Алексей Леонов. Детство космонавта.
Было время, и хочется верить, что оно вернется, когда все ребята в нашей стране мечтали стать космонавтами.
Я из Сибири. Вольные поля, вольные хлеба, земли бери — сколько хочешь, только обрабатывай. Хотя у меня лично сибирские корни еще чуть глубже. Отца по материнской линии сослали туда после революции 1905 года. Дед был механиком на знаменитой Парамоновской мельнице в Ростове (ее до сих пор помнят, сейчас там крупозавод). В Сибири прижился, там и остался. И отец с матерью переехали к нему после мировой и Гражданской войн.
Переехали родители, отец с дедом купили баньку. В ней жили, пока дом строили. Отец, до того работавший шахтером, выучился, окончил ветеринарную школу, стал соображать в зоотехнике, лечить животных.
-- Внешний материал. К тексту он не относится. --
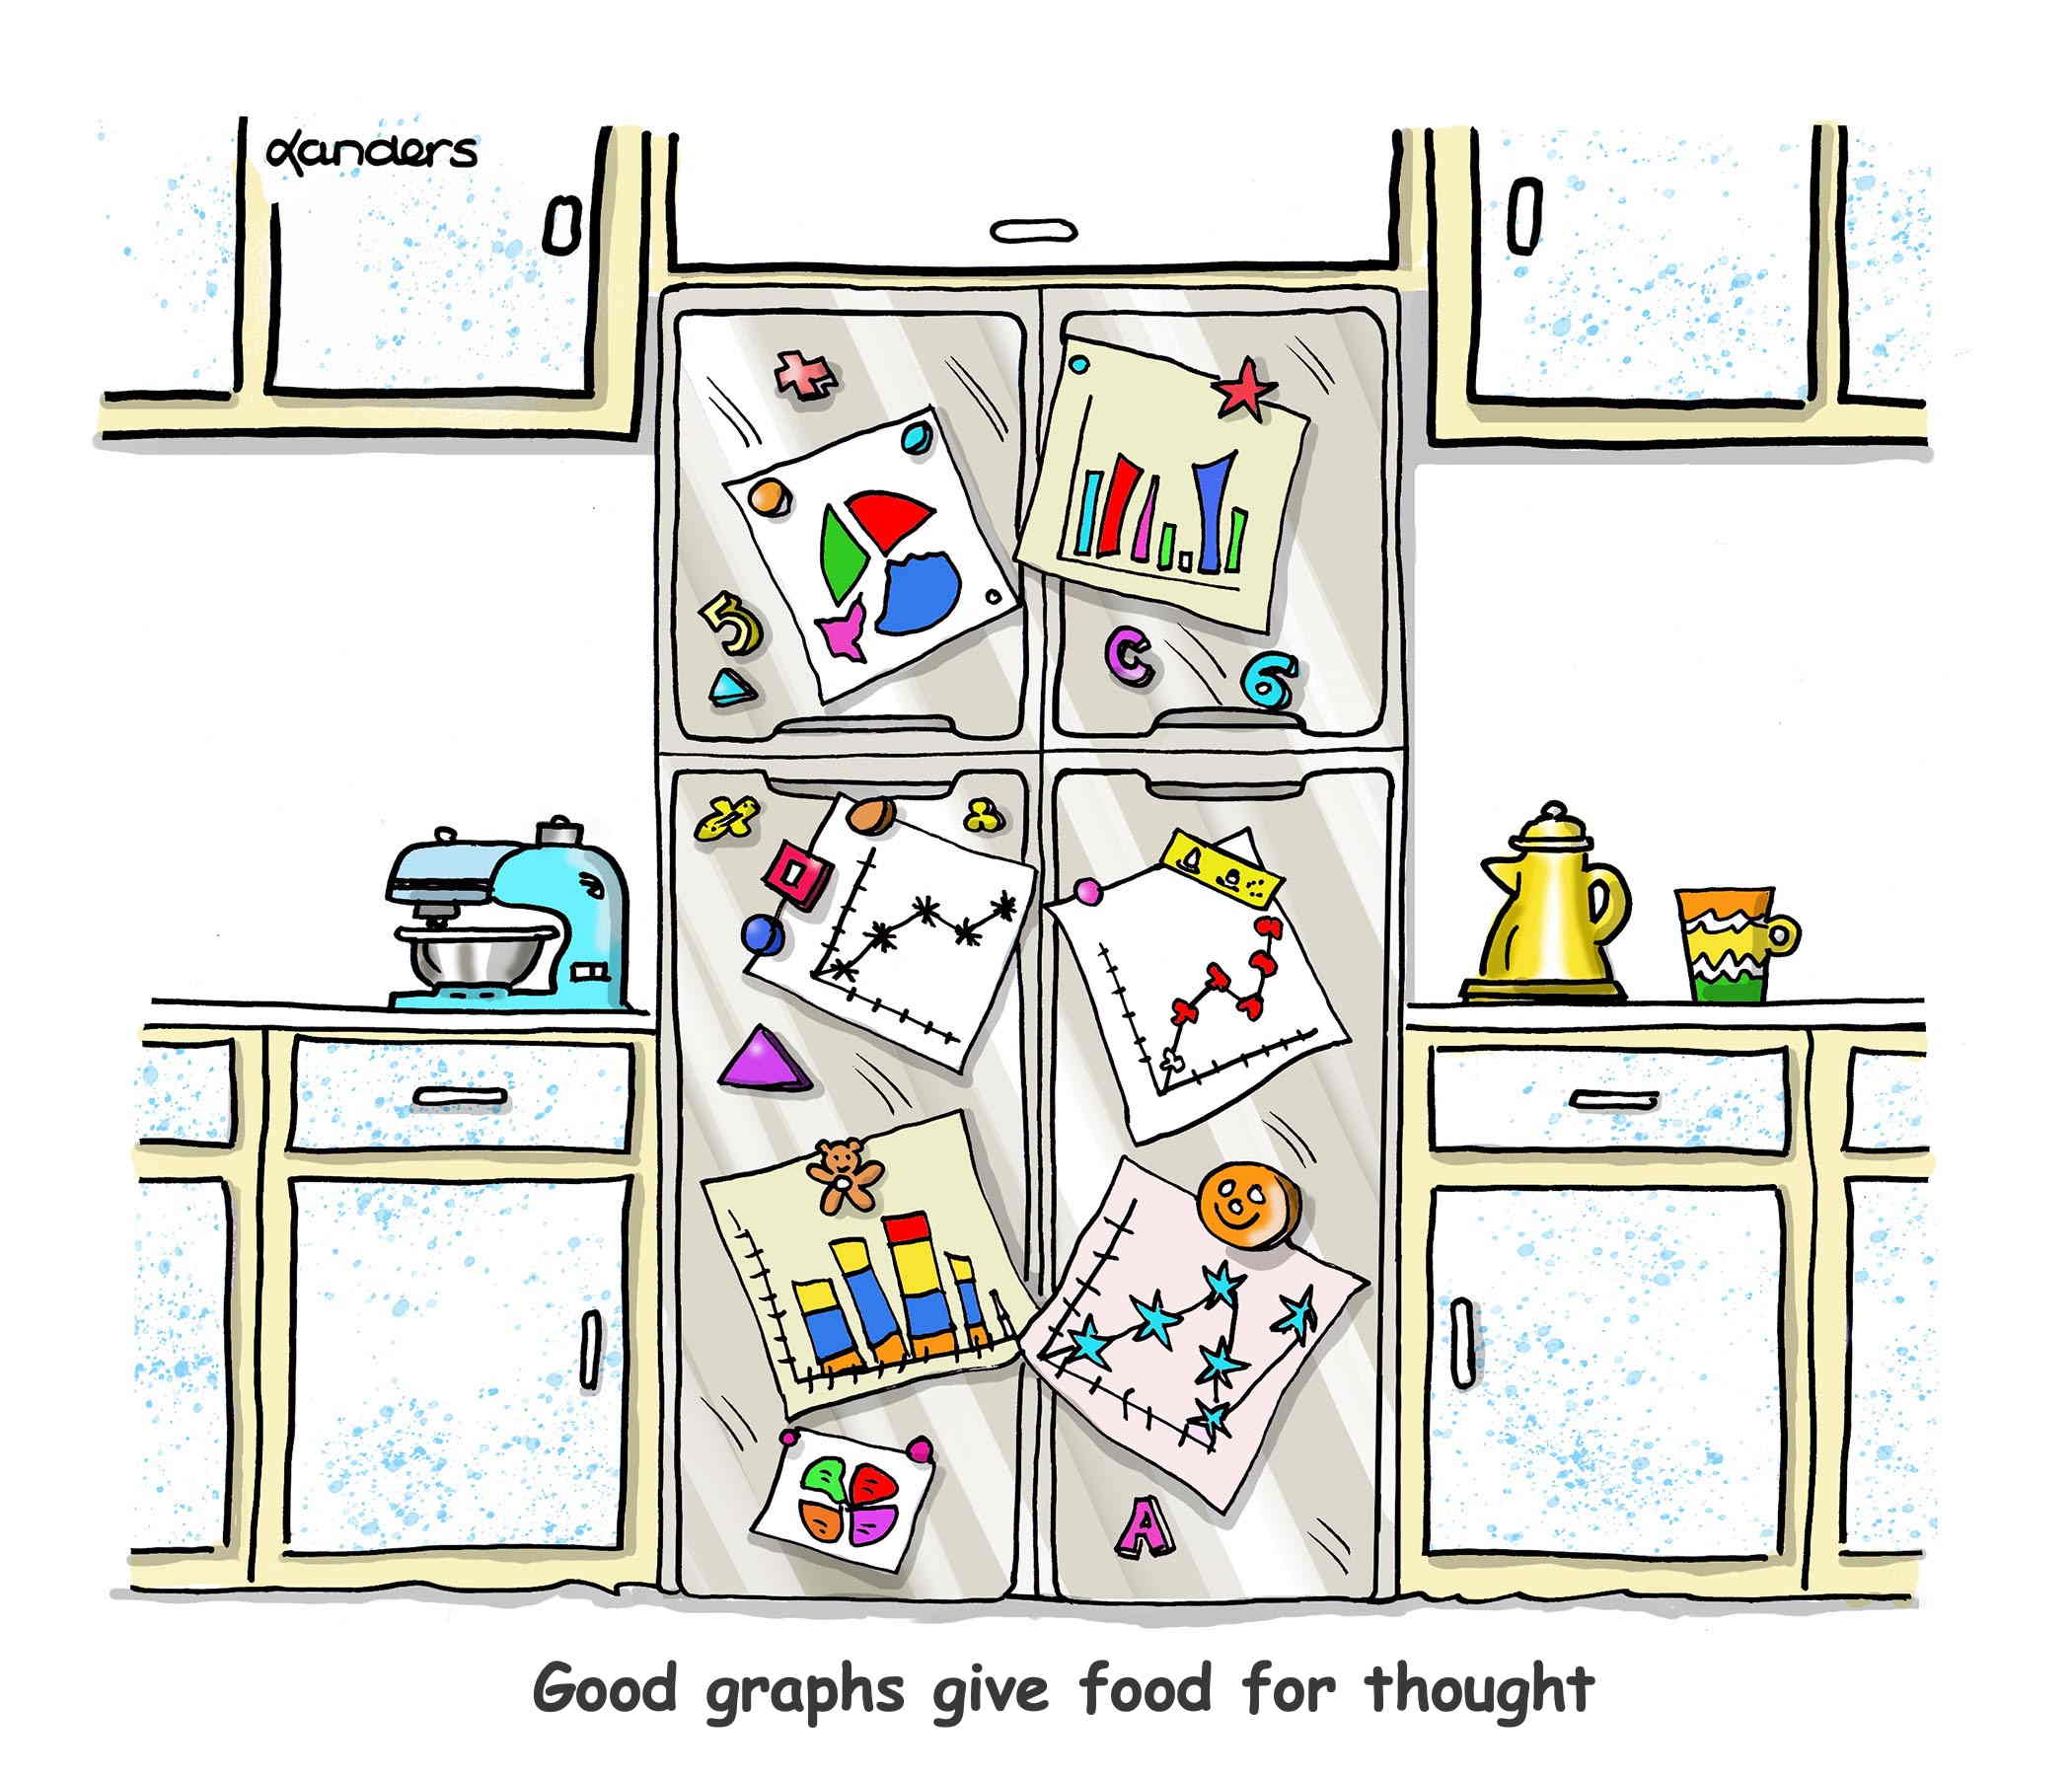 Cartoon with magnets holding graphs instead of child's art. Caption says: Good graphs give food for thought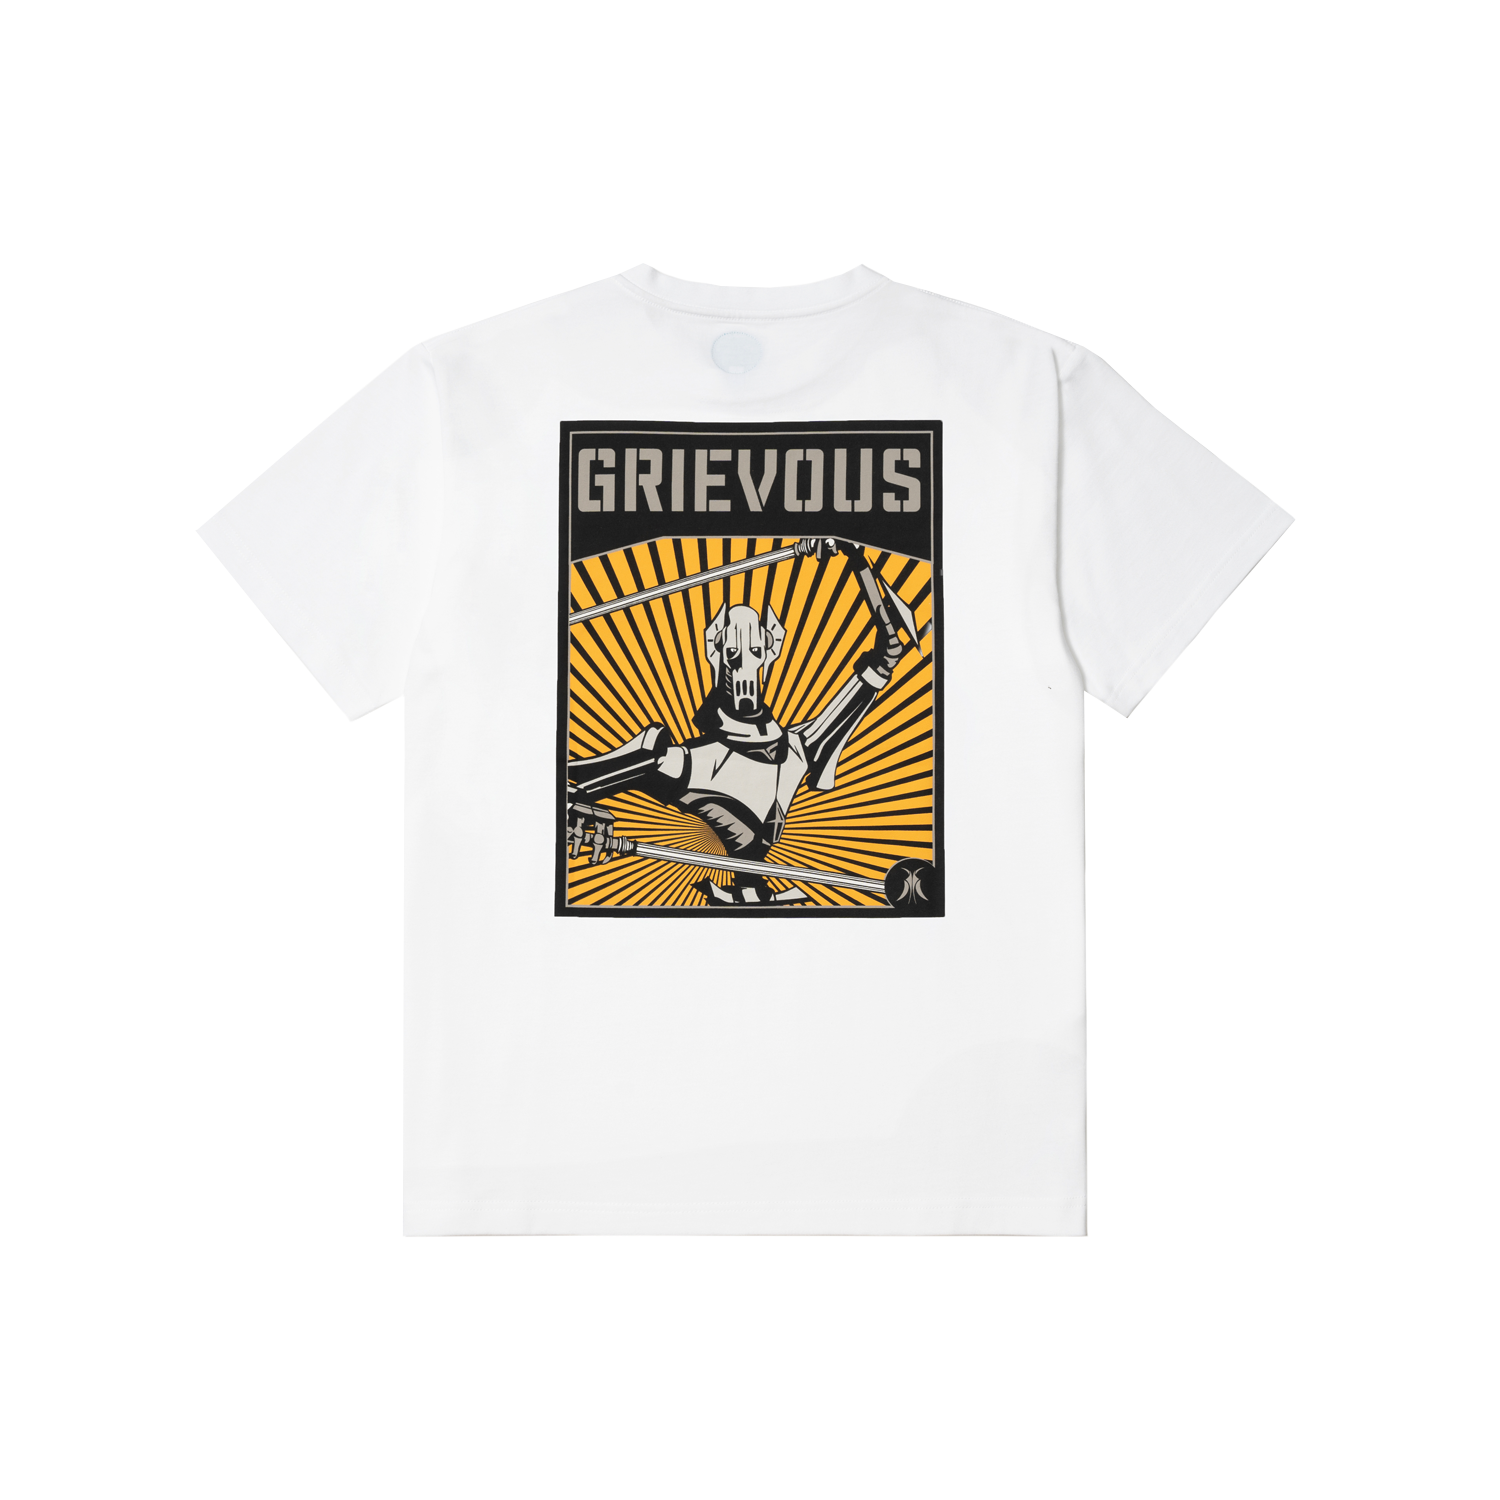 THE CLONE WARS GRIEVOUS POSTER TEE

Животных он вообще любил. Хозяйство у нас было крепкое: коровы, лошади… Мать работала в школе, расшивала одеяла. С этого жили. С огорода еще. За семь лет, что отец был в колхозе, ничего не получили, ни копейки. «Я бы отметил основные черты Леонова. Сообразительность, смекалка. Хорошее усвоение им технических знаний. Прекрасный характер. Он — художник. Очень общительный и, по-моему, и добрый. Смелый летчик» Сергей Королев, генеральный конструктор
Председатель колхоза не любил моего отца и сделал донос в милицию, написал ложь о том , что мой отец очень плохой человек и враг народа. Отца без суда и следствия — сразу в тюрьму. Мало — в тюрьму! Семью из дома выгнали. Дом забрали. А у жены — восемь детей, да еще она и в положении.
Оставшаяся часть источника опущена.